On 06/18/2011 03:08 PM, slinky wrote:

Likewise, for accelerated component functions the hardware will know
what is a key and what is input data - again, it needs this
information in order to operate. Contrast this to a general purpose
processor which can't really deduce what is a key and what isn't
while processing code that happens to be AES.

Why not?

As Peter Gutmann just said "They really have waaaay too much die space
to spare don't they?"

Intel bought McAfee a while ago. Speaking informally with some chip people (not necessarily from Intel and definitely not under any confidentiality) there's active research around the idea of building instruction stream validation in support of antivirus directly into the processor. Recognizing an intentionally-obfuscated virus seems no easier than recognizing AES.

The Intel hardware RNG ("DRBG") is an example of how not do do it. It has weird timings and magic numbers:
There are two approaches to structuring RdRand invocations such that
DRBG reseeding can be guaranteed: Iteratively execute RdRand beyond
the DRBG upper bound by executing more than 1022 64-bit RdRands, and
Iteratively execute 32 RdRand invocations with a 10us wait period
per iteration. The latter approach has the effect of forcing a
reseeding event since the DRBG aggressively reseeds during idle
periods.

But on any kind of networked or mutitasking system "idle periods" happen only at the consent of the attacker.

Within the context of virtualization, the DRNG's stateless design
and atomic instruction access means that RdRand can be used freely
by multiple VMs without the need for hypervisor intervention or
resource management.

Hmm, are we sure none of this carries across any security boundaries?

In another place they say:
After invoking the RdRand instruction, the caller must examine the
Carry Flag (CF) to determine whether a random value was available at
the time the RdRand instruction was executed.

So it's not stateless after all because it keeps a FIFO of numbers and emits all zeroes when it "runs out".

To me, this only makes sense if one of the following might be true:
* the entropy pool is so small that it's in danger of brute-forcing
* the pool's contents can be read out somehow, or
* the extraction process (NIST SP 800-90 CTR_DRBG AES) may not be strongly one-way

But I know there are other opinions :-).

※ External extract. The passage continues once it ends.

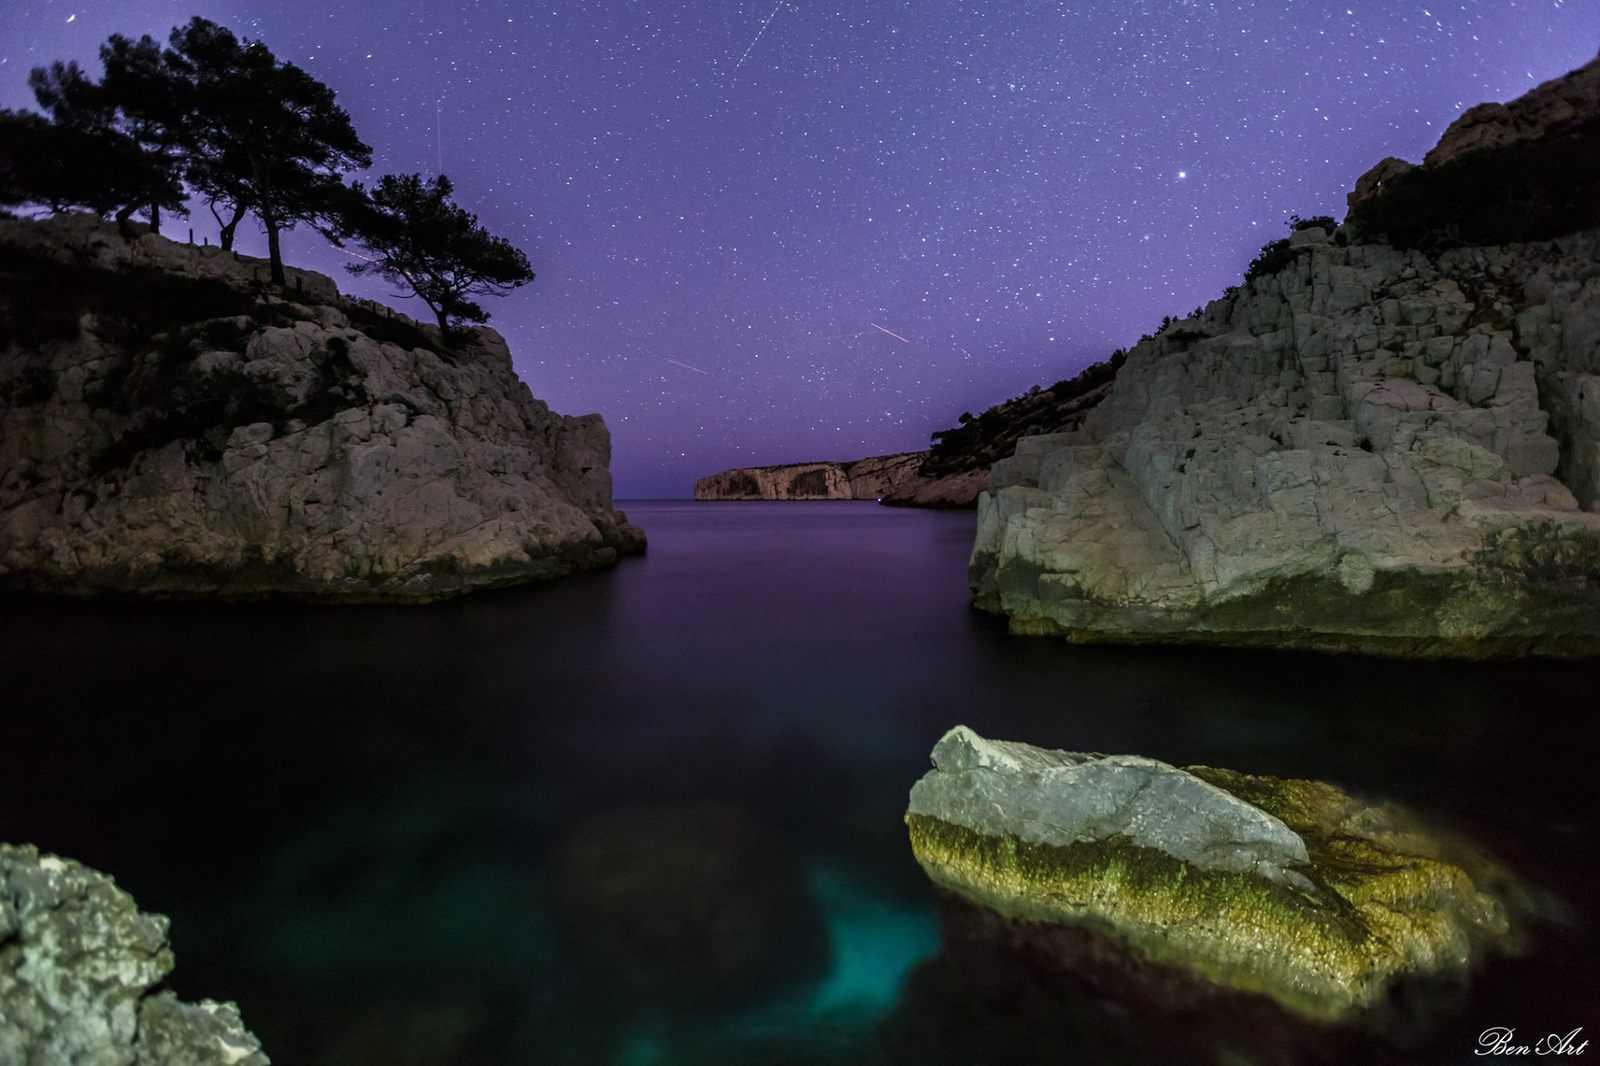 calanque-sugiton-photo-nuit-etoile

More than likely though, they're doing this to follow "best practices".

At the very least this is going to disclose to an attacker on another core how many random numbers you're consuming. Random numbers can often be requested via the network, so he sends changing rates of SSL or IPsec handshake requests while watching how fast the pool depletes. This enables him to determine if he's running on the same processor as your crypto thread. It may also create a covert channel for exfiltration. Of course, there are other shared resources that might already be an easier way to do this.

Still, we can predict how this story will turn out because we have several examples of what happens in practice when RNGs decide that they have "run out" of numbers: the client code continues running with whatever garbage it gets because it's not a situation that the software developer ever encountered in his debugger, or one which a QA team ever noticed in the lab. At best, it will continue along an untested code path.

The thing _least_ likely to happen is for the operation actually needing the CSRNs to fail, because that would be a conspicuous bug which would have to be "fixed" somehow.

So the Intel "DRNG" has observable shared internal state and is shared among multiple cores. Even worse, *an attacker running on one core has the ability to cause the RDRAND instruction to write zeroes to the destination register* !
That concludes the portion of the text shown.